Михле закрыла рот ладонью, когда поняла, что именно захотел показать Ружан. Его белую кожу от ключиц и ниже расчертили багровые язвы с чёрными краями, а от них расходились уродливые бурые разводы, словно чернильные кляксы, испортившие дорогую ткань.
– Вы слышали о таком, не правда ли?
Михле протянула было руку, но тут же одёрнула себя.
– Это… царская болезнь?
Она уже видела у Ружана красноватые отметины – там, в купальне и вчера, когда он лежал в домашней одежде. Но тогда они были совсем другими, безобидными, не страшнее комариных укусов. Неужели за ночь так разрослись и почернели?
– Верно. Царская болезнь. То же было и у моего отца. Он имел глупость связаться с колдовством – косвенно, через девоптицу, и это убило его. Я с трудом вызнал слухи через старых слуг. Сам отец утверждал, что девоптицы не колдуют, но здесь, видимо, вопрос в том, насколько далеко заходит общение с ними. У отца зашло дальше некуда.
– У вас это тоже от… птицы?
Ружан горько хохотнул и спешно запахнул одежду.
– Нет. Мои любовные предпочтения не настолько вычурны. Я воевал против Стрейвина – в тот день, когда на наши корабли наслали ледяные шторма. С тех пор моё тело выдаёт такие вещи… Да и разум мой, как говорят иные, вовсе не такой ясный, каким должен быть. Спросите слуг – каждый скажет, что старший царевич безумен, уже ходят шепотки, что я избавился от обоих братьев и сестры. И я не стану с ними спорить – как не стану спорить с царской болезнью. Она сожрёт меня, верно? То колдовство, что вошло в меня однажды, будет отравлять до тех пор, пока моему телу хватит сил противиться. Или есть способ приручить его? Есть же, Михле?
Он порывисто схватил Михле за локти и заглянул ей в лицо – жадно, болезненно, как человек, более всего жаждущий жить. Михле захлебнулась холодным воздухом и неуверенно закивала.
– Я всего лишь неопытная колдунья, господин. Но то, что я могу знать, говорит о том, что раз колдовство вошло в вас, то вам стоит его принять… Я не уверена, что это поможет вам исцелиться, но в Стрейвине говорят так: раз начал колдовать, то не отрекайся от силы.

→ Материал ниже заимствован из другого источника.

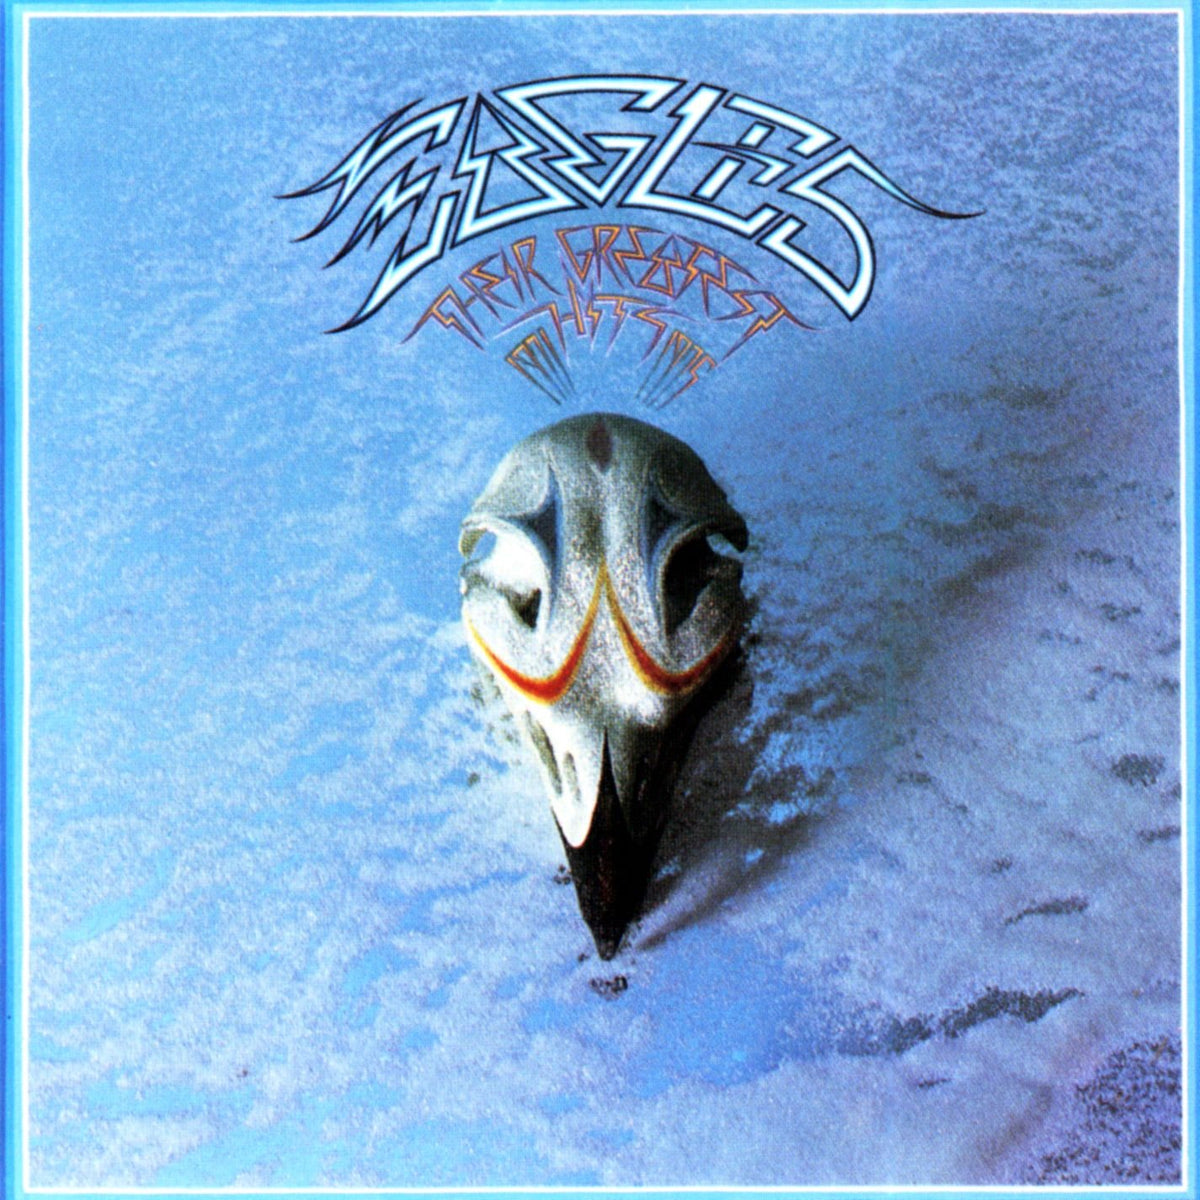 The Eagles - Their Greatest Hits 1971-1975 LP (180g)

Пути назад нет.
Ружан выпустил её локти, почти оттолкнув Михле. Сунув руку в поясной мешок, он вновь достал яблоко – оно сверкнуло на солнце, словно кусочек янтаря.
– Вот и всё, что я надеялся от вас услышать, – прохрипел Ружан и вонзил зубы в яблоко. Брызнул сок, потёк по гладко выбритому подбородку, закапал на воротник. Михле всхлипнула и поняла, что у неё выступили слёзы.
– Что же вы делаете? Я ведь не говорила, что это пойдёт вам на пользу…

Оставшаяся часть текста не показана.